Ella’s White Sugar Cookies
Ingredients:
1 cup butter
1 cup powdered sugar
1 egg, beaten
1 ½ t. almond extract
1 t. vanilla
1 t. salt
2 ½ c. sifted flour

Directions:
Cream butter. Add powdered sugar. Blend in egg, almond extract, vanilla, salt and flour. Chill dough until firm. Roll to ¼” thickness on well-floured surface. Cut with cookie cutters. Place on greased cookie sheets. Bake at 375° for 8-10 min. Cookies should not brown. Frost and decorate when cool. Yields ~40 cookies.

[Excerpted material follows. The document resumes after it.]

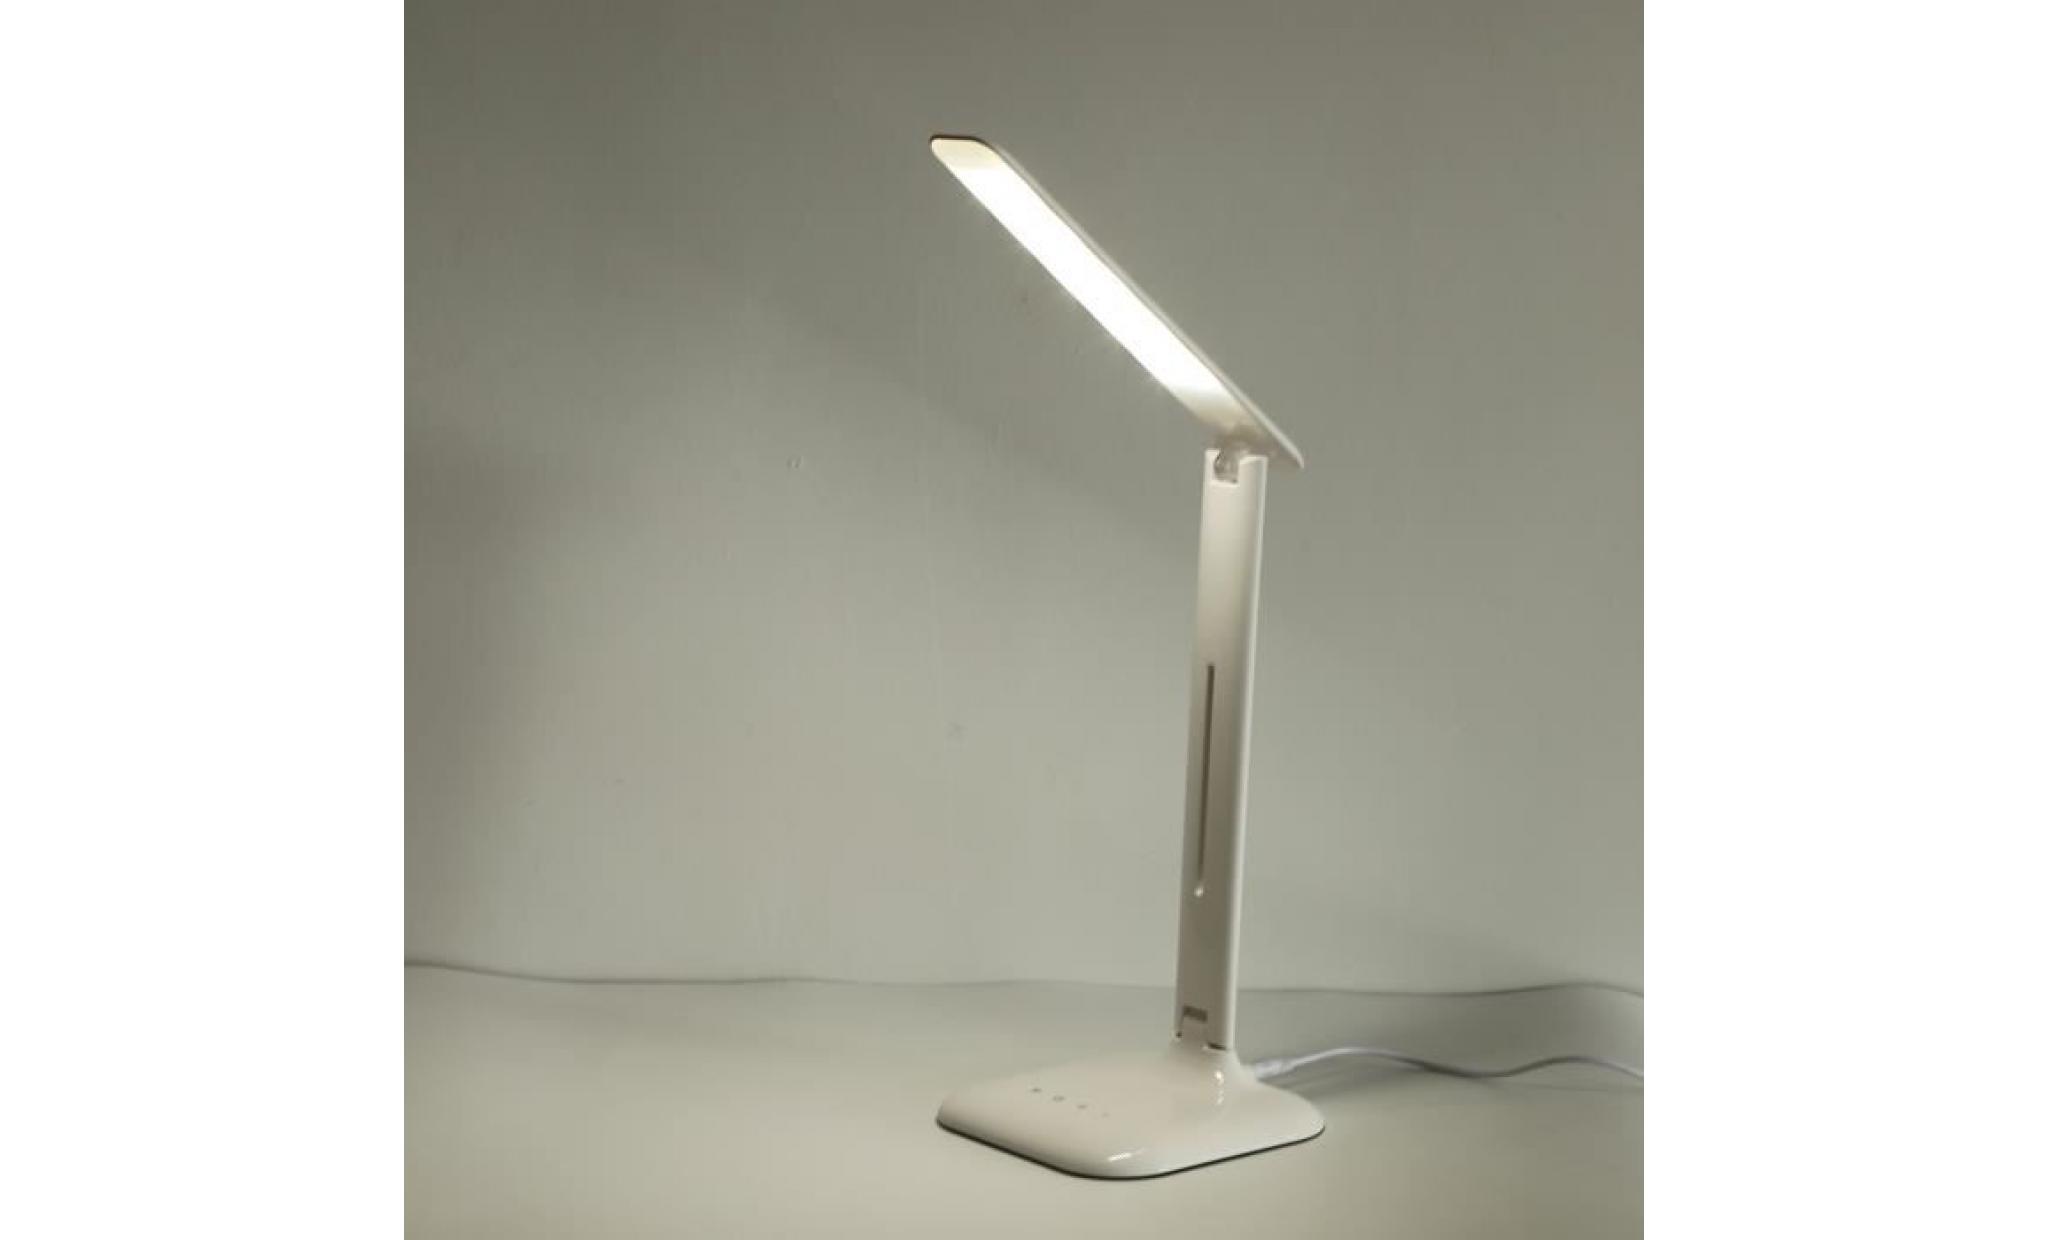 lampe de bureau lampe de table lampe de chevet led 7w,4 modes (étude, lecteure, sommeil, relax), 7w 600lm + adaptateur pas cher

Source: a family friend of Annie’s (Donna)

FROSTING

1 teaspoon real vanilla1 stick real butter4 cups powdered sugar1 Tablespoon cream or whole milk

Cream butter, milk and vanilla together.Slowly add powdered sugar to butter until desired consistency. Ifyou'dlike, add liquid food coloring for festive cookiesWhen cookies are cooled, slather this heavenly frosting. For moretexture and color, press the top of the cookie in sprinkles, coloredsugaror just eat plain!

Source: Joelen from Joelen's Culinary Adventures (I believe this came from a co-worker of hers)

Cupcakes for Everyone!

October 31, 2007


Tomorrow is Halloween so I thought I’d bake some cupcakes to take to work for my co-workers. Of course I forgot half the stuff I needed when I went to the store yesterday so had to run by the store on my lunch break today. Wouldn’t you know I couldn’t find any cupcake liners on the baking aisle which is one of the things I had forgotten yesterday. I looked high and low and finally found the last two packs in the back of a shelf. One was Barbie and the other these giant foil liners. Well I didn’t have time to go anywhere else so I bought the foil ones and a pack of Halloween colored sprinkles. Since I was making the frosting, I thought about making different colors to write words and make different designs on the cupcakes. But I knew they’d just get scarfed down in a matter of seconds so I decided to just stick with the sprinkles. They turned out pretty good. My husband and I were the willing taste testers since everyone knows you can’t take food to work without testing it first. : )

For the cupcakes:
(I totally cheated and used a boxed mix)

1 box yellow cake mix (I used Duncan Hines)-prepare as directed on the box.

Line a muffin pan with cupcake liners and fill each liner about half full with cake batter. Bake as directed. Let cool completely.
Makes 24 regular sized cupcakes or 16 jumbo ones.

For the frosting:
(I used the recipe I used for a chocolate cake I made)


Chocolate Frosting

INGREDIENTS

  • 1/4 cup margarine, melted
  • 1/2 cup unsweetened cocoa powder
  • 1/3 cup milk
  • 1 teaspoon vanilla extract
  • 3 1/2 cups confectioners’ sugar

DIRECTIONS

  1. In a large bowl, beat margarine and cocoa together until combined. Add milk and vanilla; beat until smooth. Gradually beat in confectioners’ sugar until desired consistency is achieved. Adjust with more milk or confectioners’ sugar if necessary.

*After reading the reviews on the website I got the recipe from I made a couple alterations. I used 3 cups confectioners’ sugar and 3/4 cup cocoa powder. It made a great frosting!
Frost cupcakes and decorate as desired.